**INFORMATION SUPPLIED:**
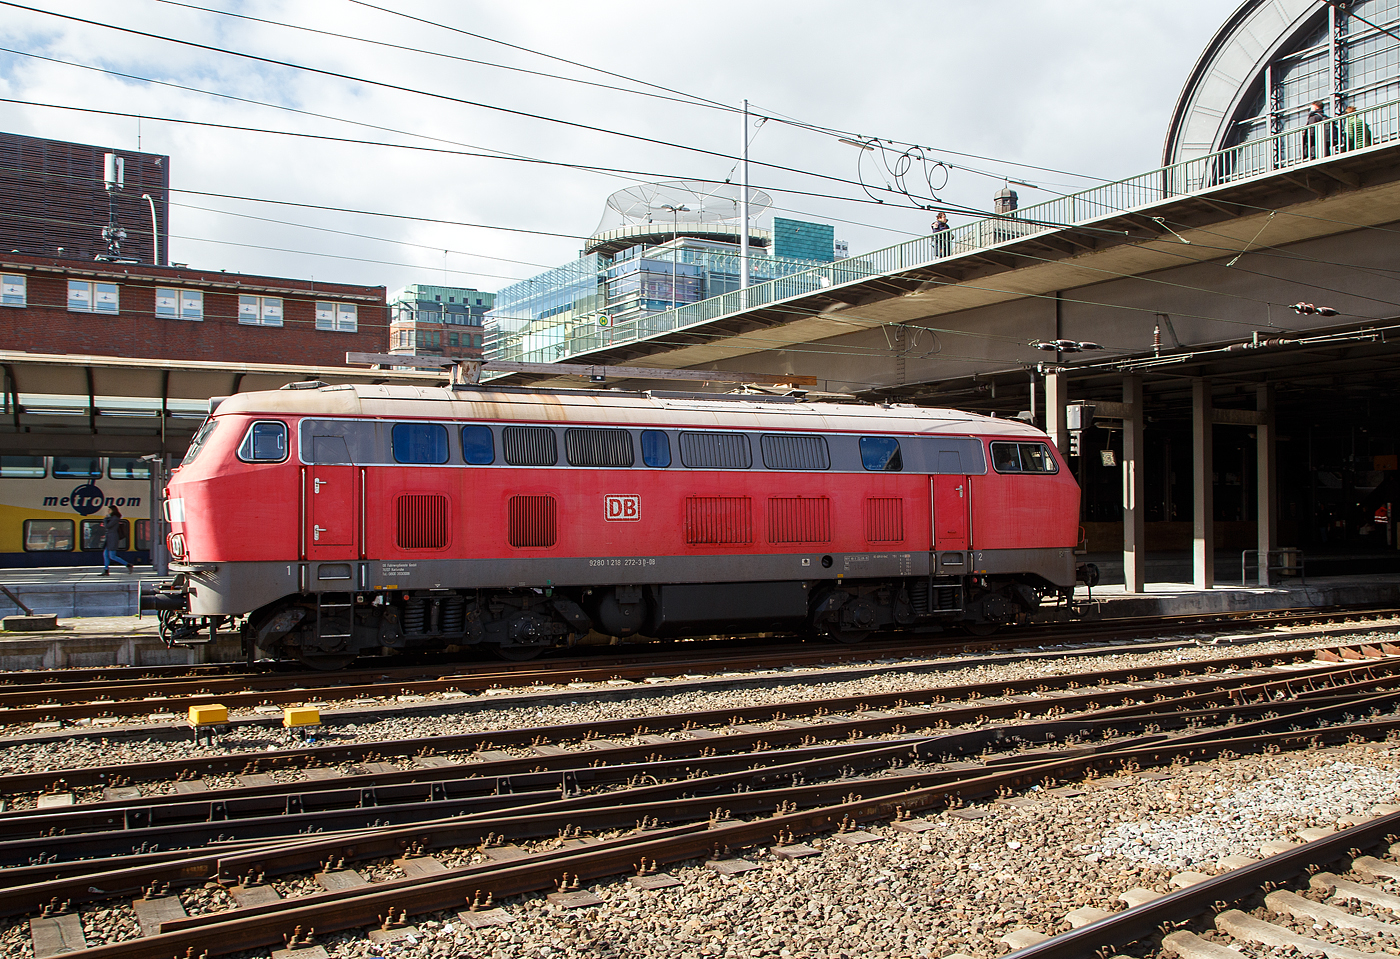 Die DB 218 272-3 (92 80 1218 272-3 D-DB) fährt am 19.03.2019 durch den Hbf Hamburg. 

Die Lok wurde 1973 von Henschel & Sohn in Kassel unter der Fabriknummer 31749 gebaut.
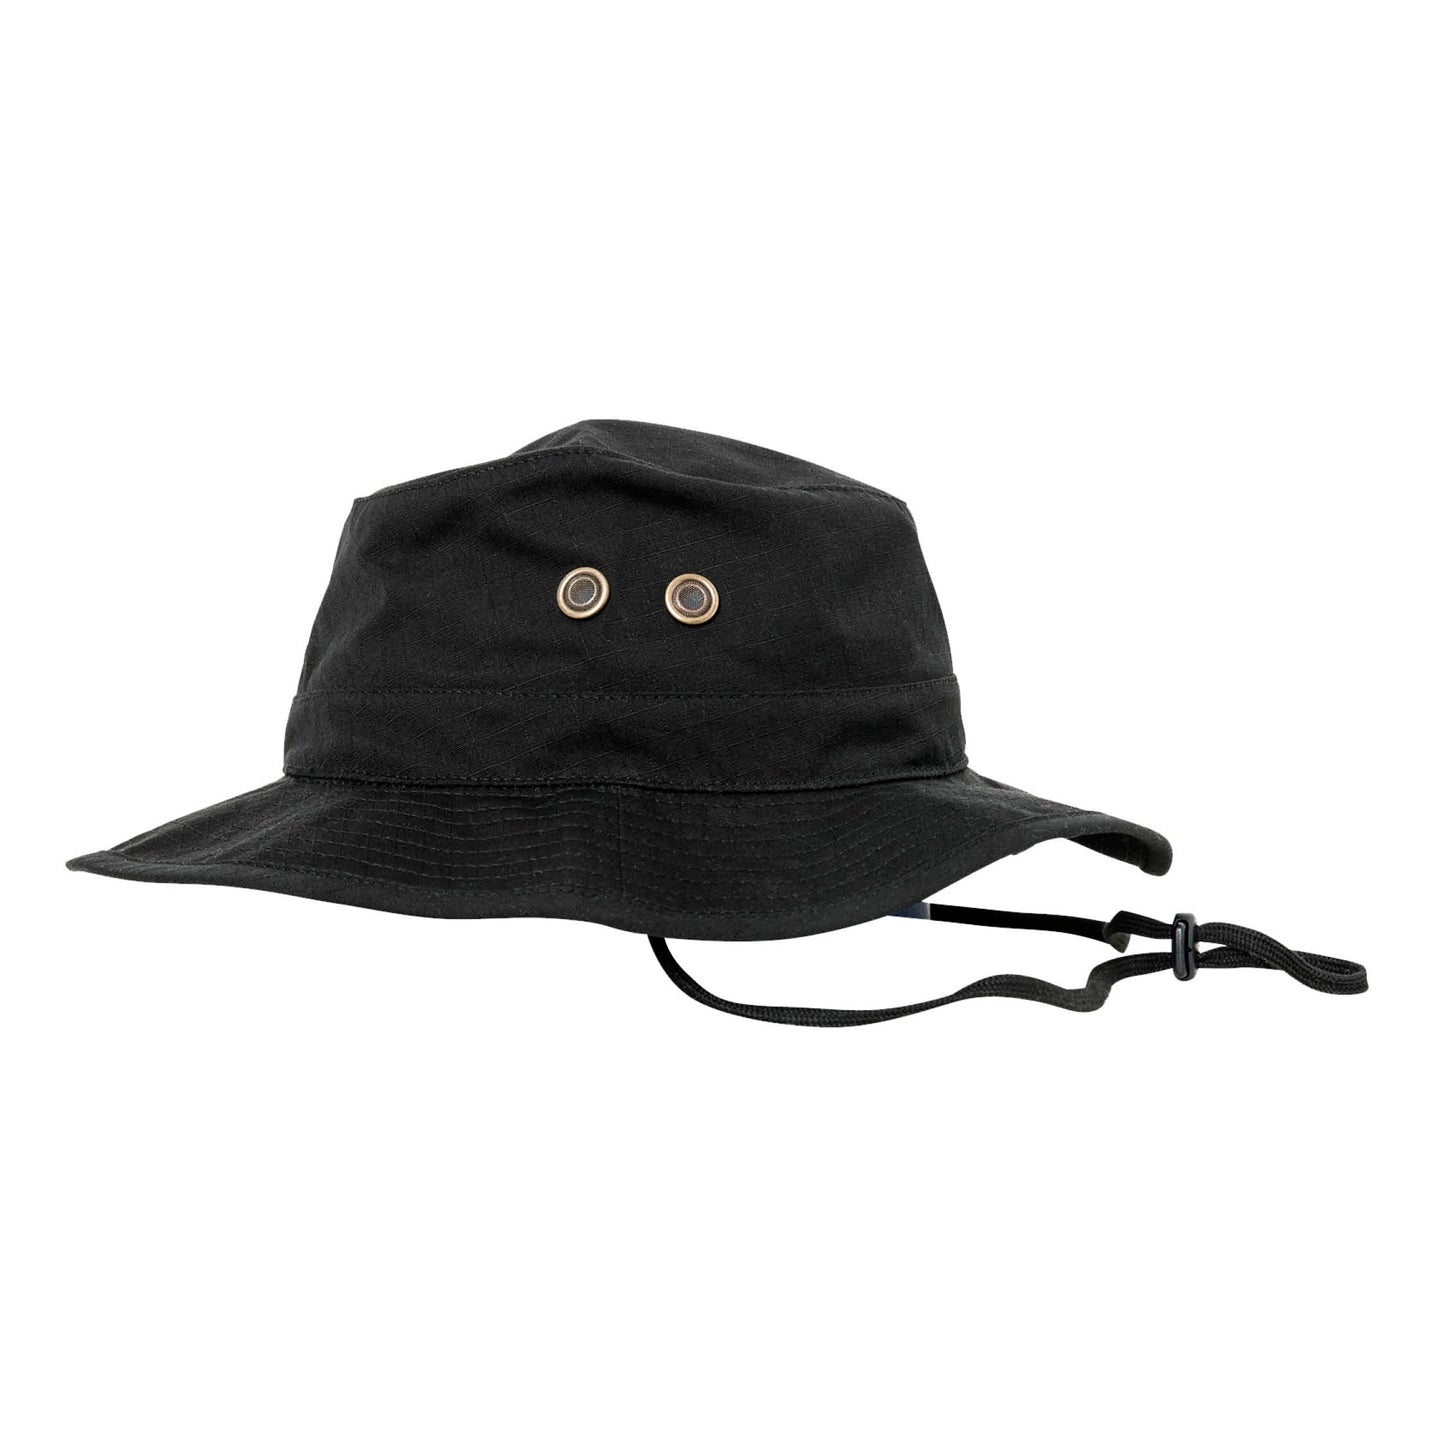 SHREDSAFARI Ranger Hat, Black
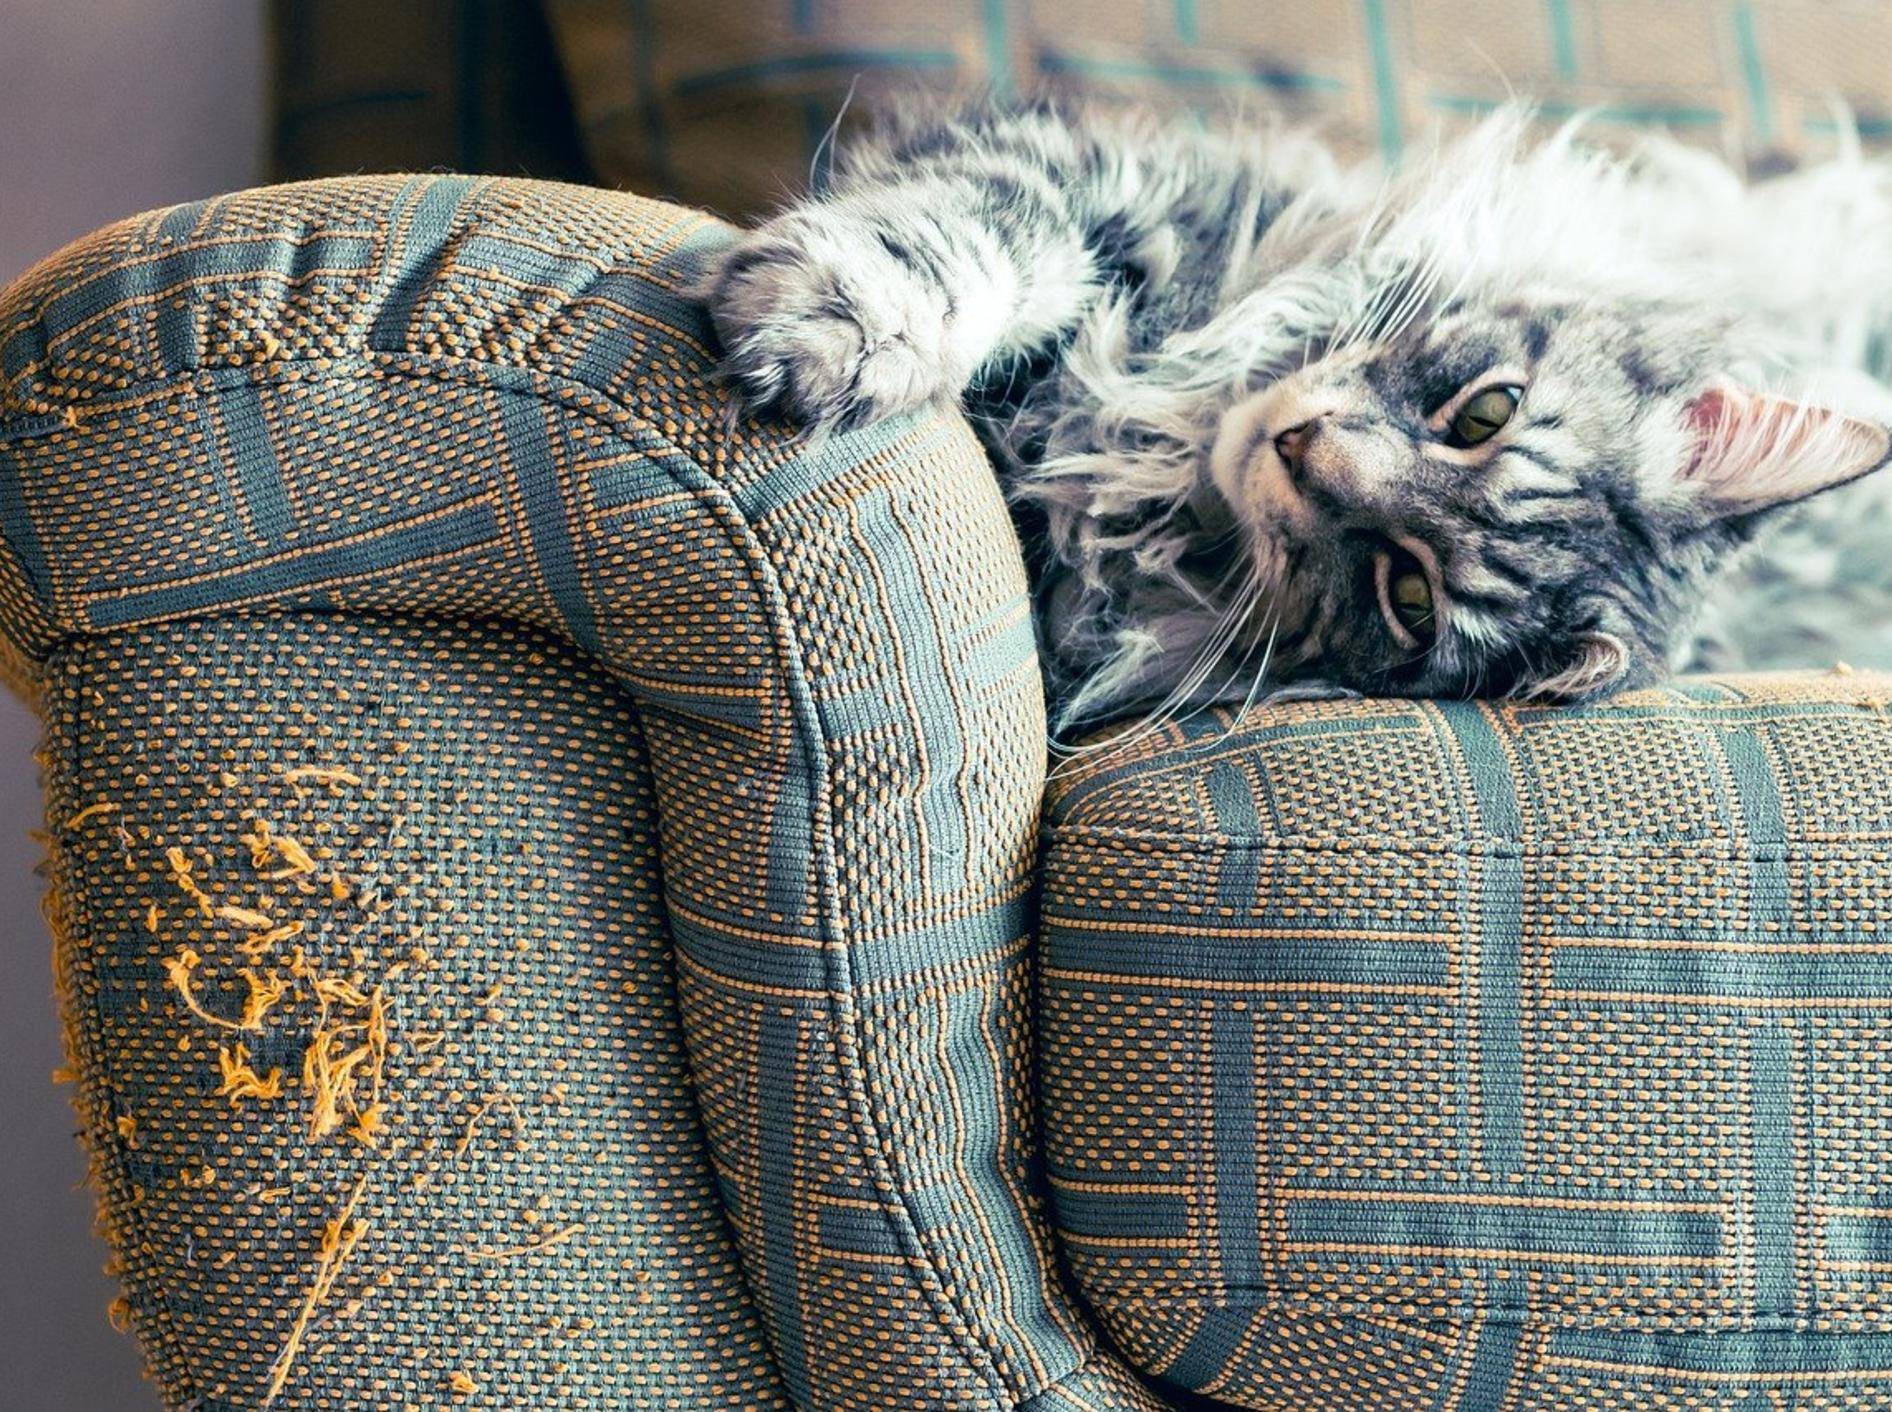 Eine grau-weiß-getigerte Katze liegt auf einem Sofa. Eine Armlehne des Sofas zeigt starke Kratzspuren von den Katzenkrallen.

**TASK PROMPT:**
Write out, word for word, only the lines from the one containing "Die Lok wurde" to the end of the data above; the pictures stay out.

**FINISHED TASK:**
Die Lok wurde 1973 von Henschel & Sohn in Kassel unter der Fabriknummer 31749 gebaut.
 SHREDSAFARI Ranger Hat, Black
 Eine grau-weiß-getigerte Katze liegt auf einem Sofa. Eine Armlehne des Sofas zeigt starke Kratzspuren von den Katzenkrallen.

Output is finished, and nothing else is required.